To help you add some suspension training into your training program, here’s an article from Climbing Magazine that outlines three different circuits featuring a total of ten different exercises.  Climbing Magazine worked with Fraser Quelch, the head trainer for TRX, to specifically design these circuits for climbers with the goal of strengthening specifically injury prone areas.

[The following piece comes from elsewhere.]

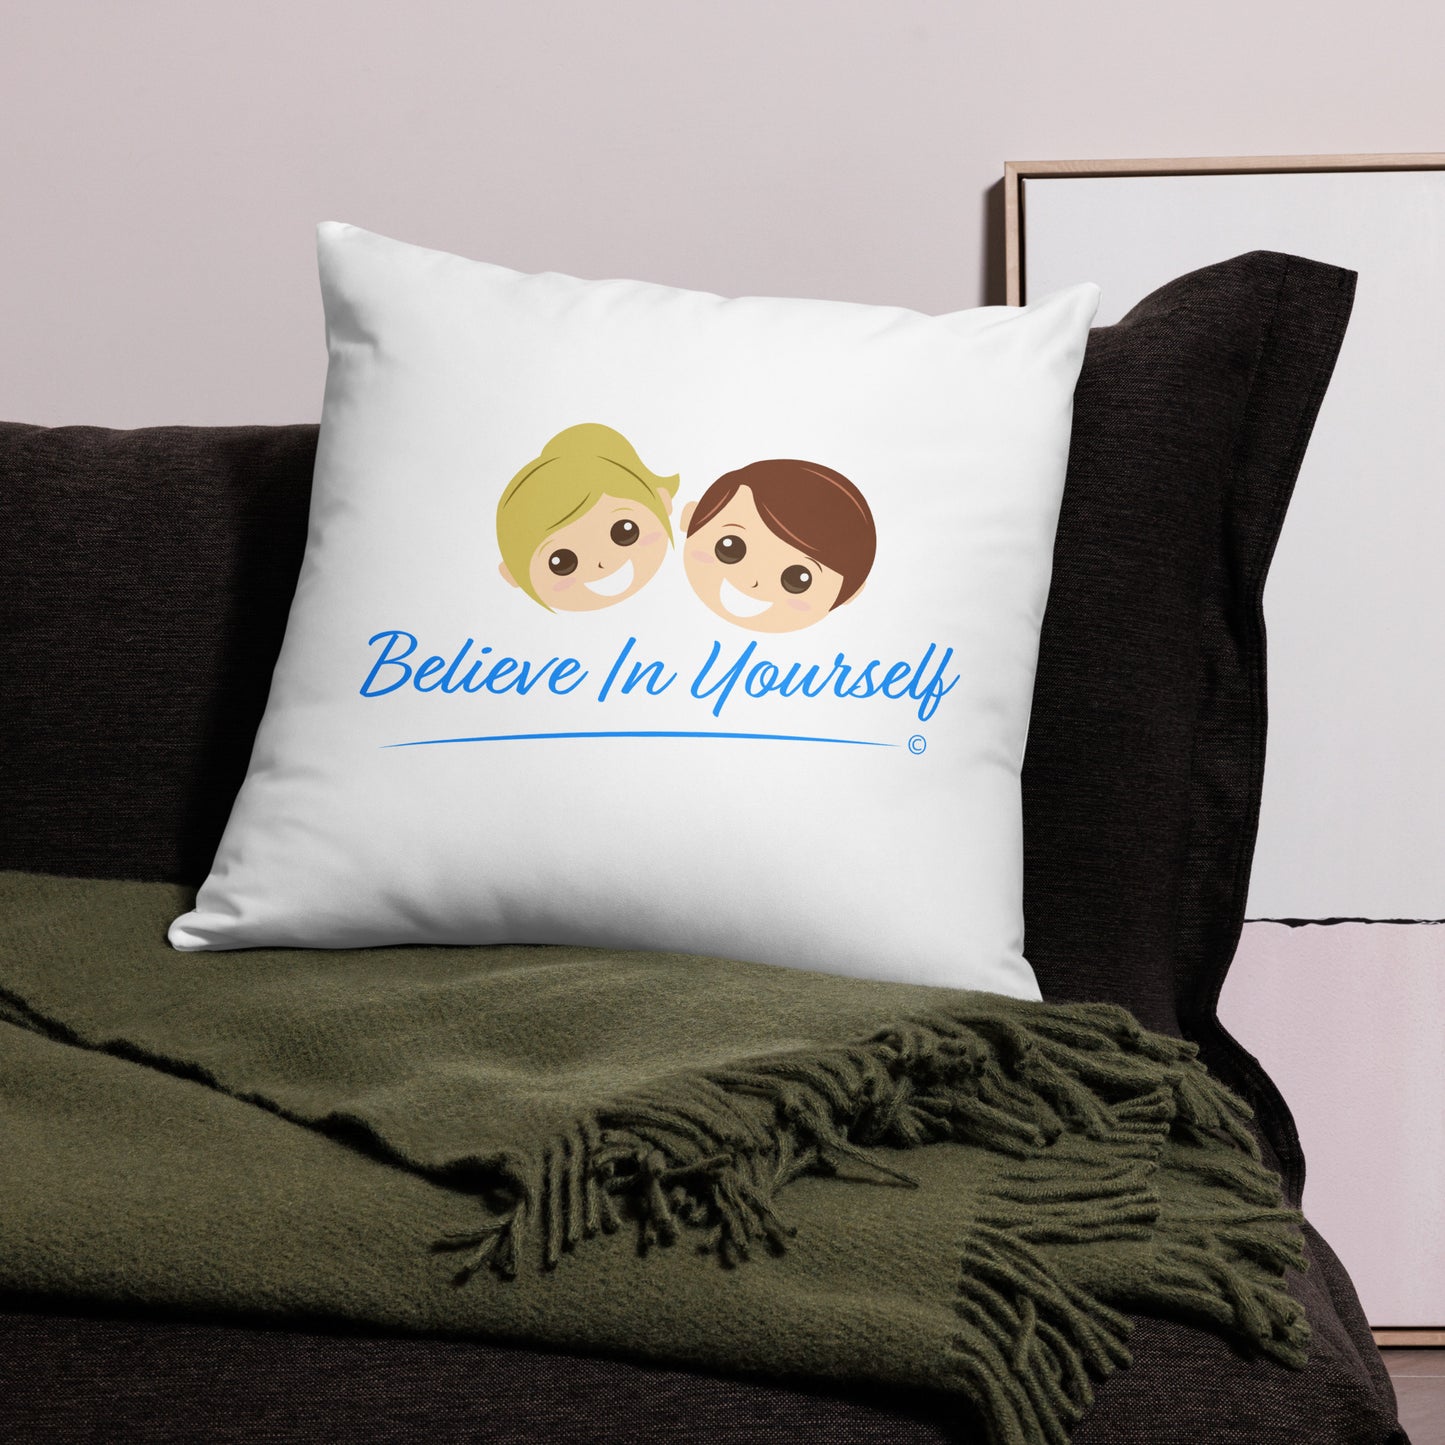 Confidence-boosting 22x22 throw pillow featuring the empowering words 'Believe in Yourself,' making a statement on a black bed and a trendy green scarf.

The ten exercises feature are:

  1. Body saw
  2. Side plank with hip raise
  3. Overhead squat
  4. Clock press
  5. Deltoid series: I,Y,Ts
  6. Atomic pushup matrix
  7. T-spine rotation
  8. Pike
  9. Rotational Warding with March
  10. Plank with Abduction and Scorpion

Click through below to check out the circuits for yourself.  All the exercises are illustrated with pictures and instructions to make it really easy for you to give these circuits a shot.  While there are tons of other beneficial suspension exercises, these three circuits are certainly a great place to start. 

training programs for climbers

Click Here: Climbing – Suspension Training Circuits

(photo by Ben Fullerton; courtesy of climbing.com)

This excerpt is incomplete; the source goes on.